Family and feasting

Judith Wills / 21 March 2014

Diet and wellbeing blogger Judith Wills finds that a schedule full of entertaining plays havoc with her good intentions.

Having spent a more than pleasant weekend in Somerset visiting my son, his partner and our little grandson, swiftly followed by a two-day visit from my youngest stepson, his wife and my slightly larger step-grandson, I can most definitely report that the last seven days have not been ideal for my dieting plans, though I probably burnt more calories chasing after and carrying toddlers than I would in a normal week.

Wonderful though socialising can be, it never fails to wreck willpower and the best laid plans. If I'm the one doing the hosting, then, with a paranoia about appearing mean or not having exactly what everyone wants to eat and drink in the house, I buy far too much and eat too much as well, obviously. And when I'm a house guest, I want to be polite and appreciative and thus, well, you know how it is.

So I weighed myself yesterday and, having lost 4lbs of the stone I had put back on by the New Year (see my blog of January 24th), I have now put 2lbs of the loss back on too, making a grand total of 2lbs lost in nearly two months.

How pathetic is that?

I have two weeks now before more guests arrive, and then three weeks before Easter when we're supposed to be spending three days in Portmeirion with gourmand friends. So it's obvious I've got to try harder while it's just the two of us (Husband would like to lose some surplus midriff weight as well, which is always very useful – like when you give up smoking, it's always easier if the other half does it too) because it is pointless pretending 'watch what you eat' mode is going to happen when we're with other people.

To that end, I've temporarily given up alcohol again. And after weeks having breakfast mid-morning and then no lunch, I've got bored with that routine, so I'm skipping breakfast instead (shock, horror, I can hear you all say, but honestly, you really won't die without it) and having lunch again. There are two good things about this plan – one, I'm at my least hungry when I wake up and left to my own devices don't even begin to feel hungry till about noon, so I don't miss breakfast.
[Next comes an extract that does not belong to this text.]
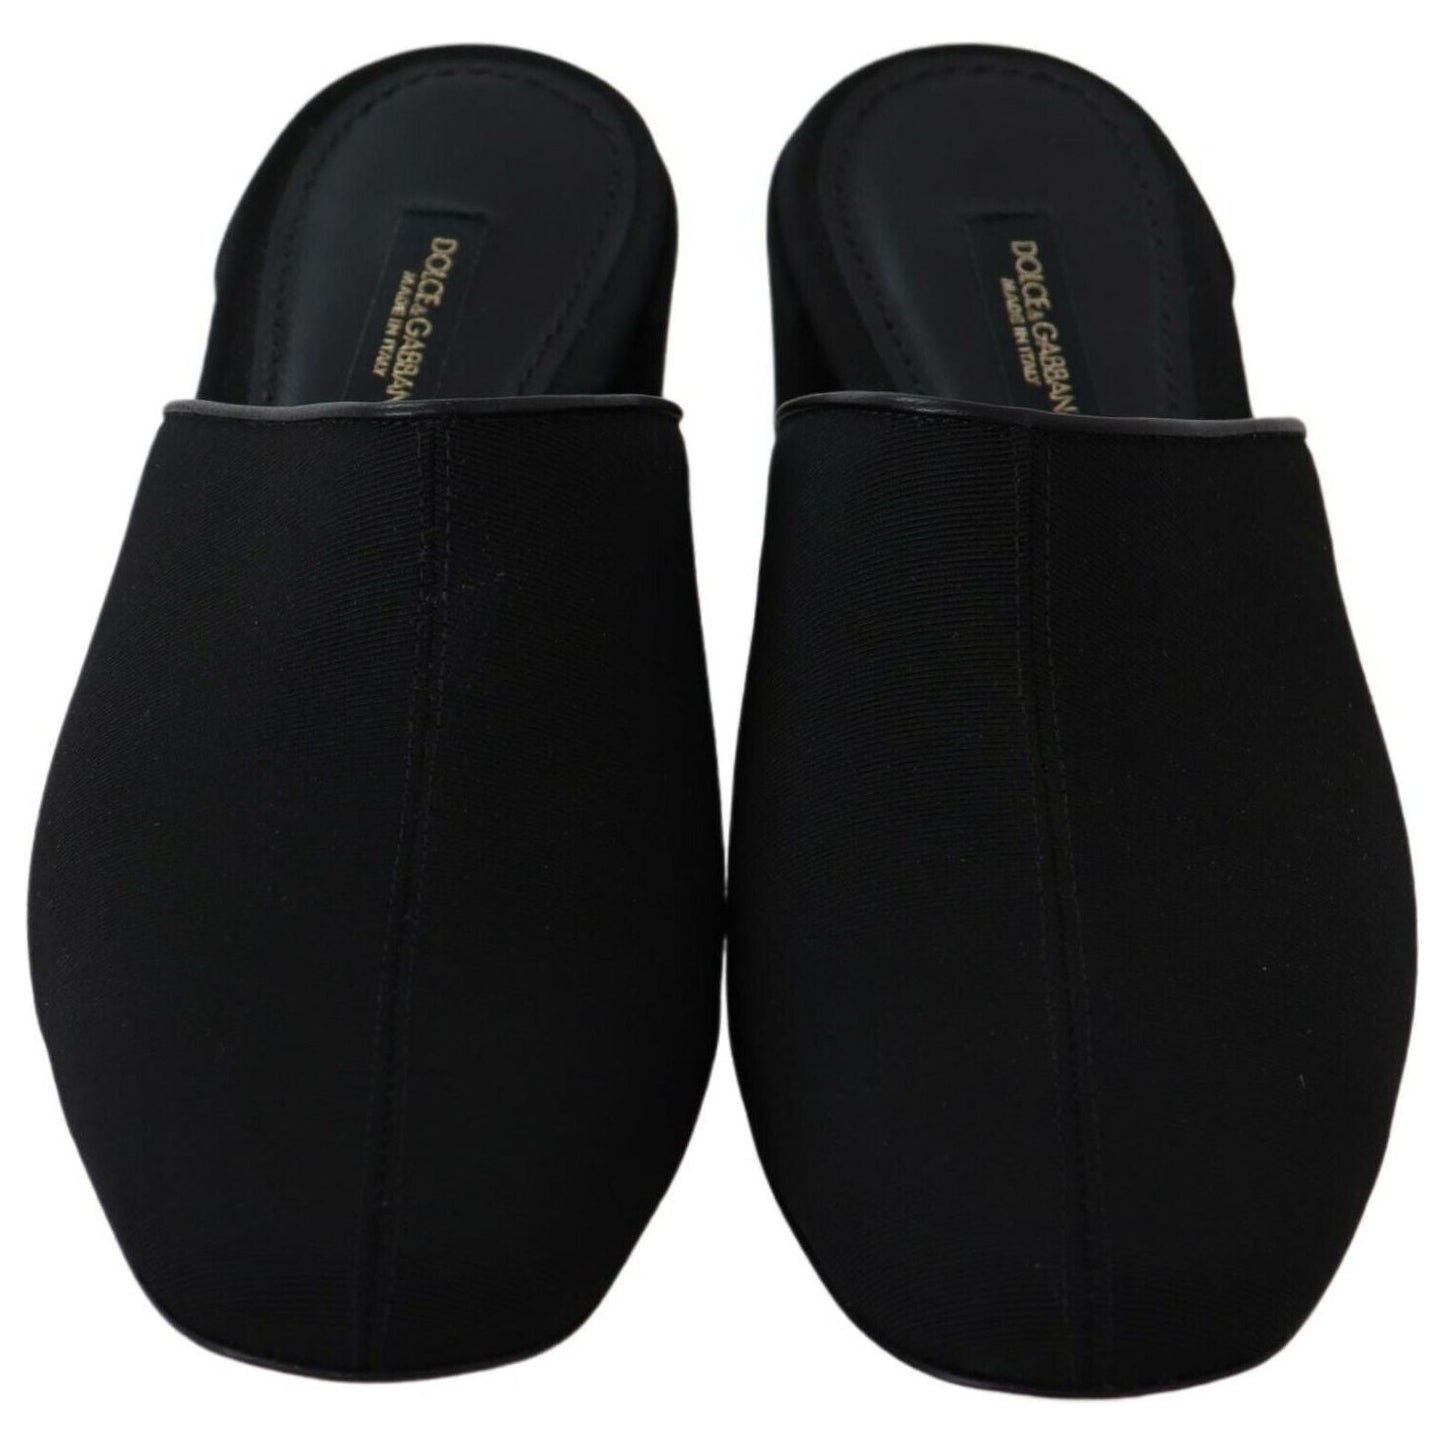 Dolce & Gabbana Chic Black Grosgrain Slide Sandals black-grosgrain-slides-sandals-women-shoes WOMAN SANDALS s-l1600-2022-09-05T164613.215-9c9ab0e7-255.jpg

And two, lunch offers much more scope than breakfast if you enjoy preparing and eating food. OH, and three, here in the wilds our papers aren't delivered until late morning at the moment and who wants to sit and eat without anything to read?

Lastly I intend to return to NO starchy carbs in the evening, just protein, bit of fat, plus brightly coloured vegetables.

My target is to lose 3lbs before first set of visitors and then 4lbs by Easter. What happens then – Portmeirion and chocolate temptation looming - will be something to worry about later.

Winter coleslawAte for lunch:

At this time of year I have very little saladstuff in the garden, but I found summer-sown red and white cabbages in the veg patch still miraculously OK, and remembered a type of coleslaw I made last year to go with grilled pork steaks. Here's this year's version – it really is lovely (I think the orange dressing makes it) and even supermarket-coleslaw haters like Husband will enjoy it (he did).

Winter salad

To serve 4

  • 125g each of thinly sliced red and white cabbage
  • 1 medium-large carrot, peeled and very thinly sliced
  • 1 small red onion, peeled and very thinly sliced
  • 2 heaped tbsps walnut pieces
  • 5 semi-dried apricots, chopped
  • 1 level tbsp sesame seeds or flaked almonds

For the dressing:

  • 4 tbsp extra virgin rapeseed oil
  • Juice of half a large orange
  • 1 scant tbsp white wine vinegar
  • 1 dessertspoon aged balsamic vinegar
  • 2 tsp runny honey
  • 1 tsp Dijon mustard
  • Salt and black pepper

Make up the dressing and stir or shake thoroughly then pour over the salad ingredients in a bowl and combine well. Cover and leave for an hour if possible. The salad makes a light lunch on its own, or try it with cold chicken slices or ham. Leftovers will be fine next day.